The key roles of cytotoxic agents and linking agents
The selection of cytotoxic agents is crucial to the efficacy of ADCs, and many cytotoxic agents are derived from natural products. The stability and design of the linker affect whether the release of cytotoxic agents can be precise and appropriate. Recent studies have shown that some linkers can be cleaved within tumor cells, releasing toxic agents while effectively attacking neighboring cells. This phenomenon is called "bystander killing."
"The stable linker ensures that the cytotoxic agent is not released prematurely before reaching the tumor cells, thereby improving the safety of the treatment."

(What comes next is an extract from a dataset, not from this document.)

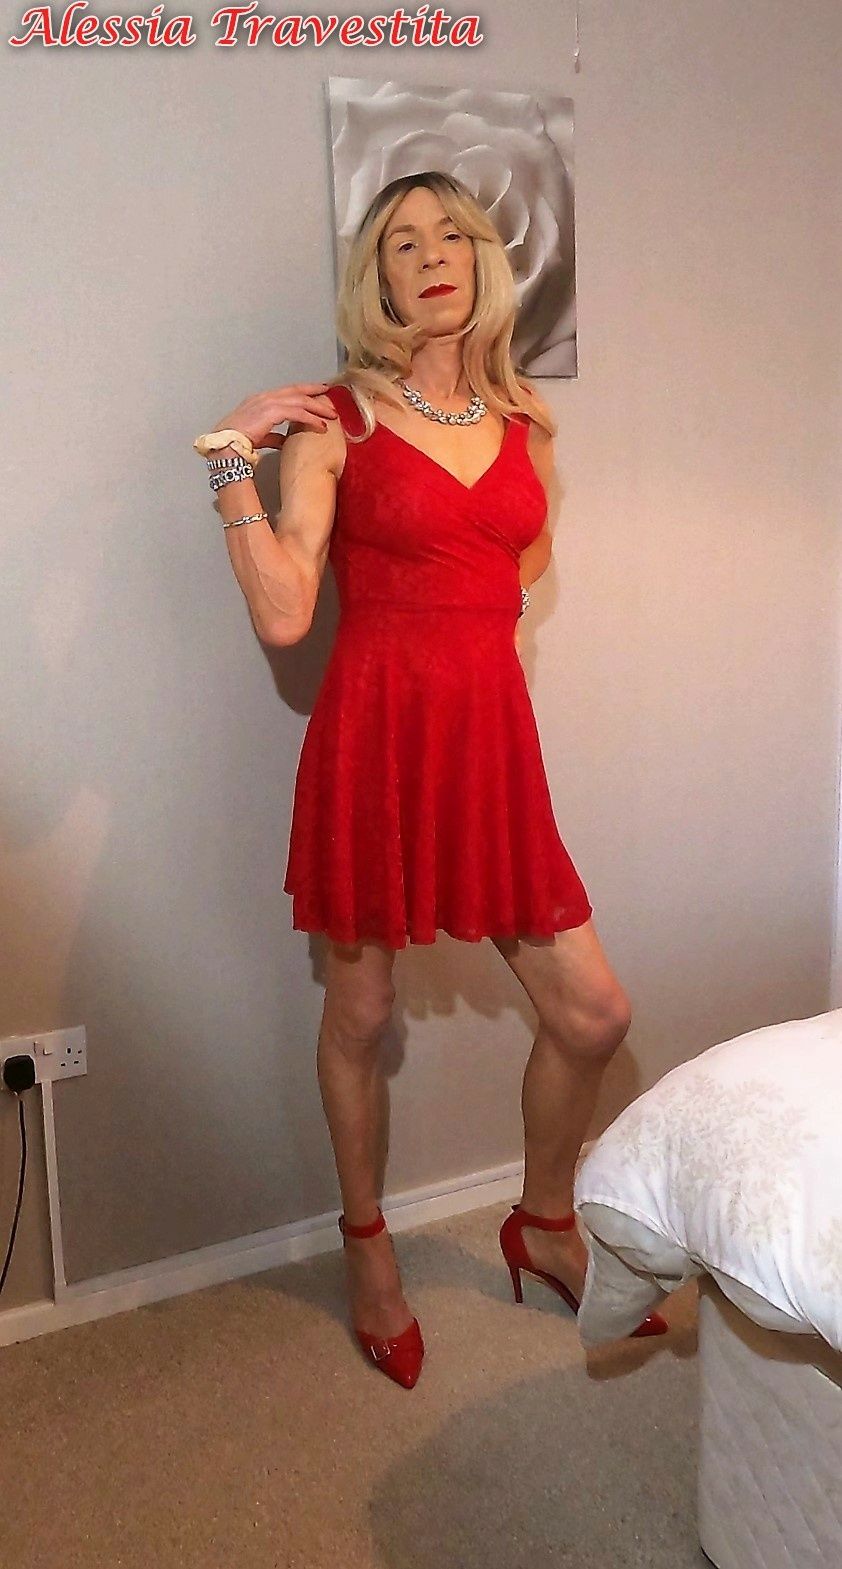 65 Alessia Travestita in Flirty Red Dress #40

Current and future research directions
With the development of the field of antibody drug conjugates, designers are constantly seeking new combination models of improved linkage technology and cytotoxic agents. Researchers are even exploring the use of unnatural amino acids to provide more precise binding of drugs to antibodies. This specific combination of technologies allows researchers to produce uniform ADCs with improved efficacy and safety.
Conclusion
The development process of antibody drug conjugates is the epitome of the continuous progress of medical science. With the innovation of new technologies, the application of ADCs is no longer limited to the field of oncology. Looking forward to the future, if we can unravel the secrets behind these complex mechanisms, we may be able to gain a deeper understanding of cancer treatment and develop more precise treatment options. So, where will drug treatments develop in the future?